● **Input data**

--*--

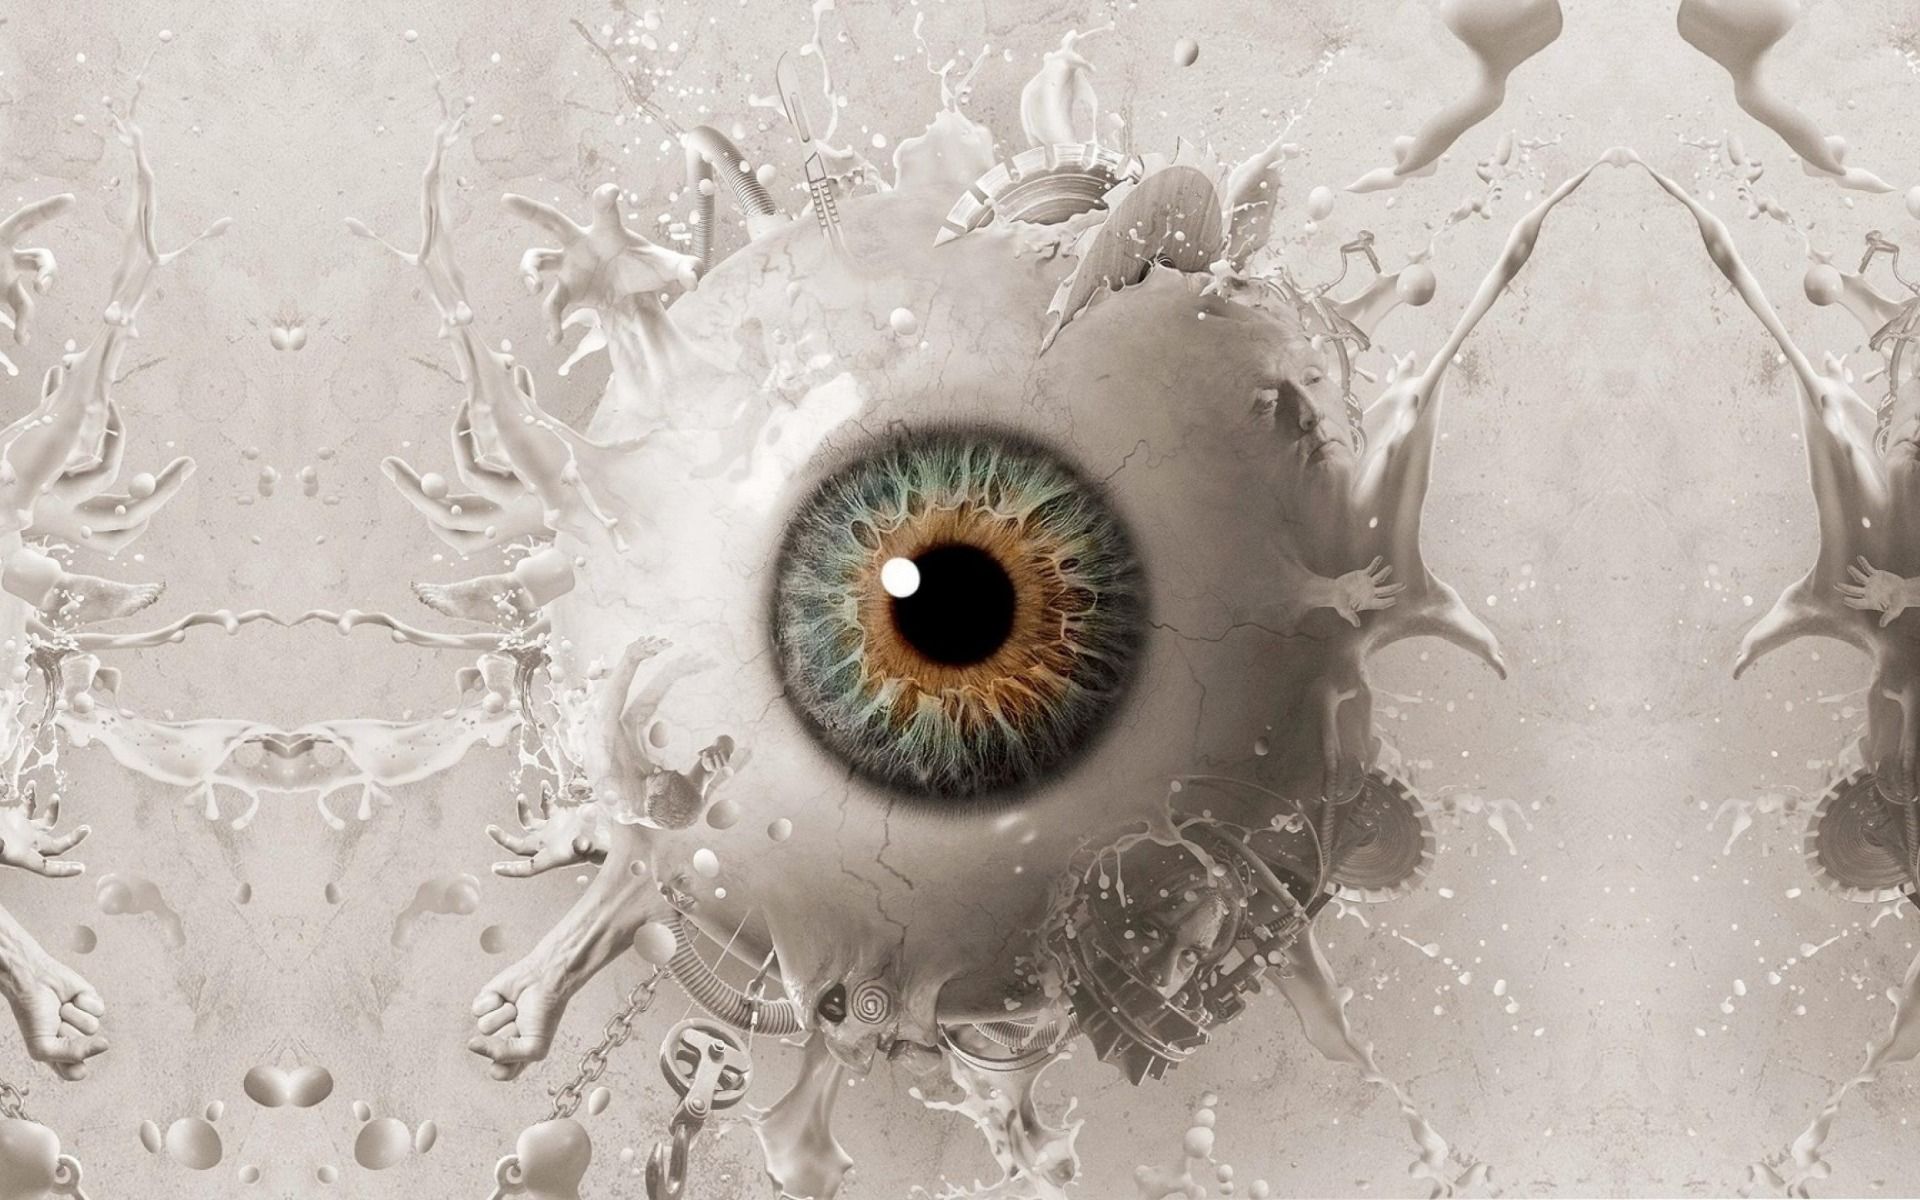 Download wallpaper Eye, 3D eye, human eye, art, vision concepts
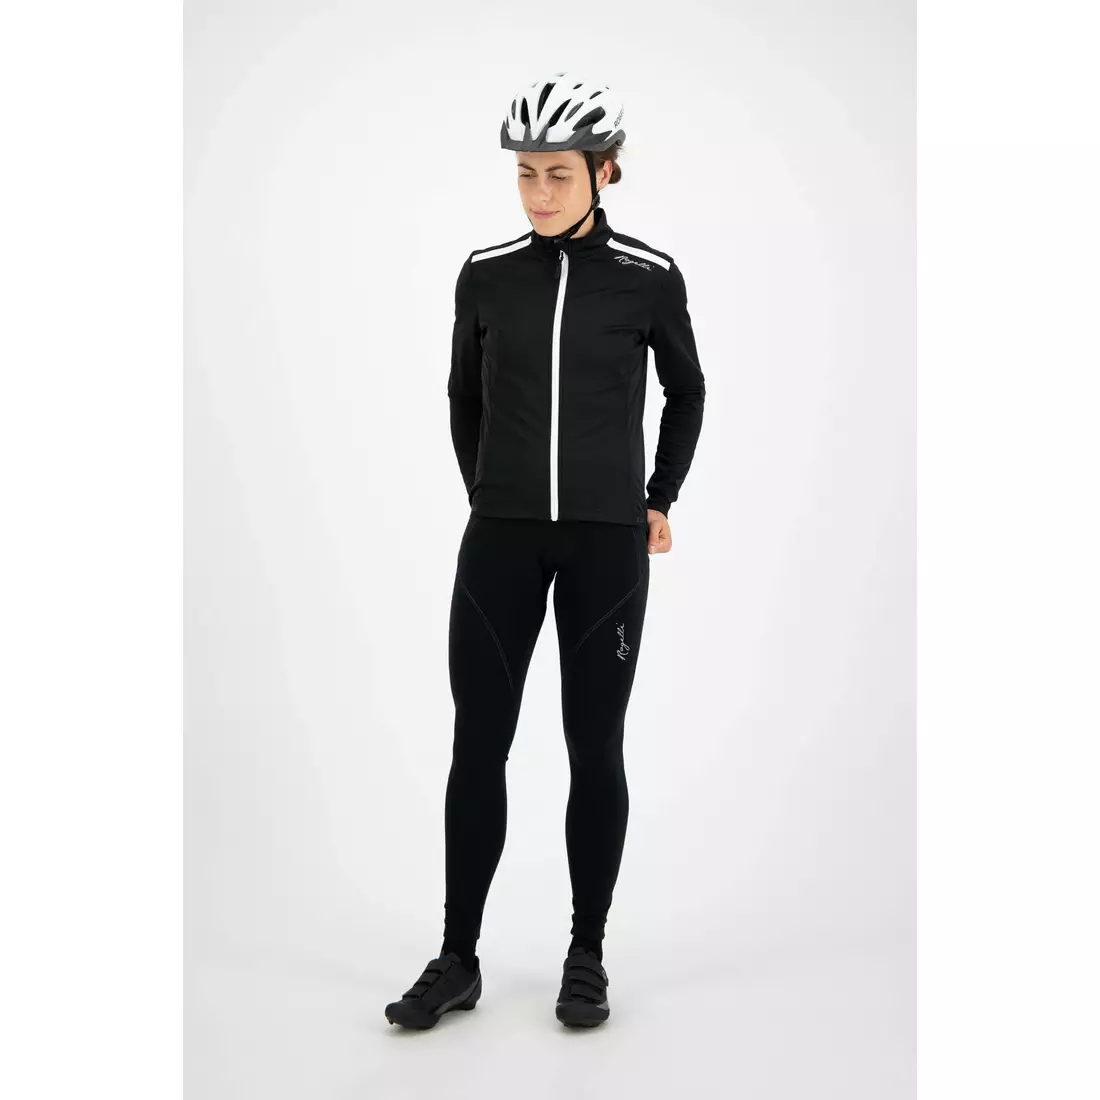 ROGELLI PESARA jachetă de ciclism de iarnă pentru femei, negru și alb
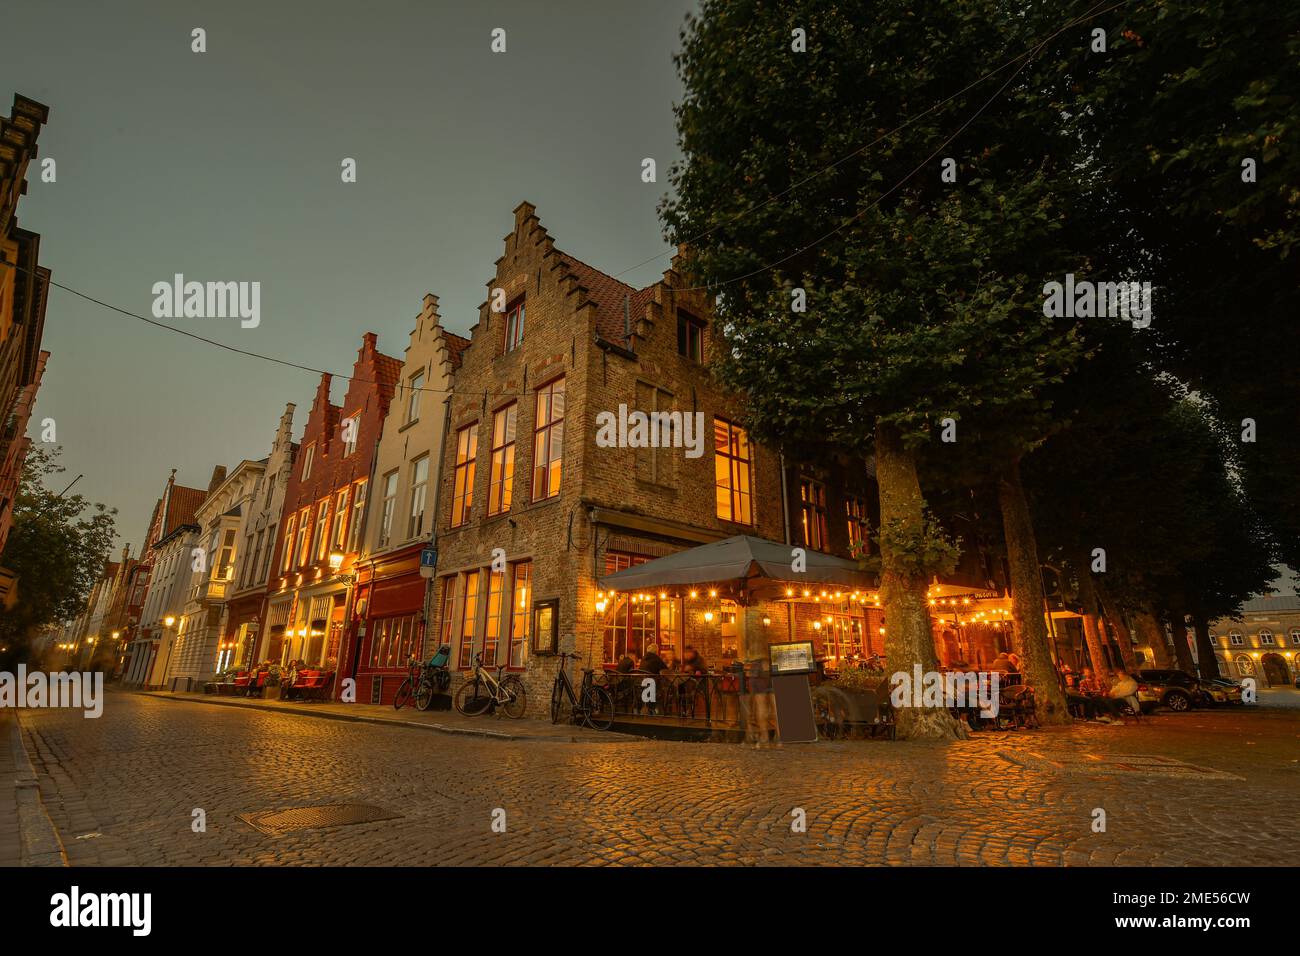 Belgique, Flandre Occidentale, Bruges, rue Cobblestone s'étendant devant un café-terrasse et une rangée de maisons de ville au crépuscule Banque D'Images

--*--

● **Task statement**
The copy must begin with the line containing "ROGELLI PESARA jachetă", end with the last line of the material, match each line exactly, and hold no pictures.

● **Task solution**
 ROGELLI PESARA jachetă de ciclism de iarnă pentru femei, negru și alb
 Belgique, Flandre Occidentale, Bruges, rue Cobblestone s'étendant devant un café-terrasse et une rangée de maisons de ville au crépuscule Banque D'Images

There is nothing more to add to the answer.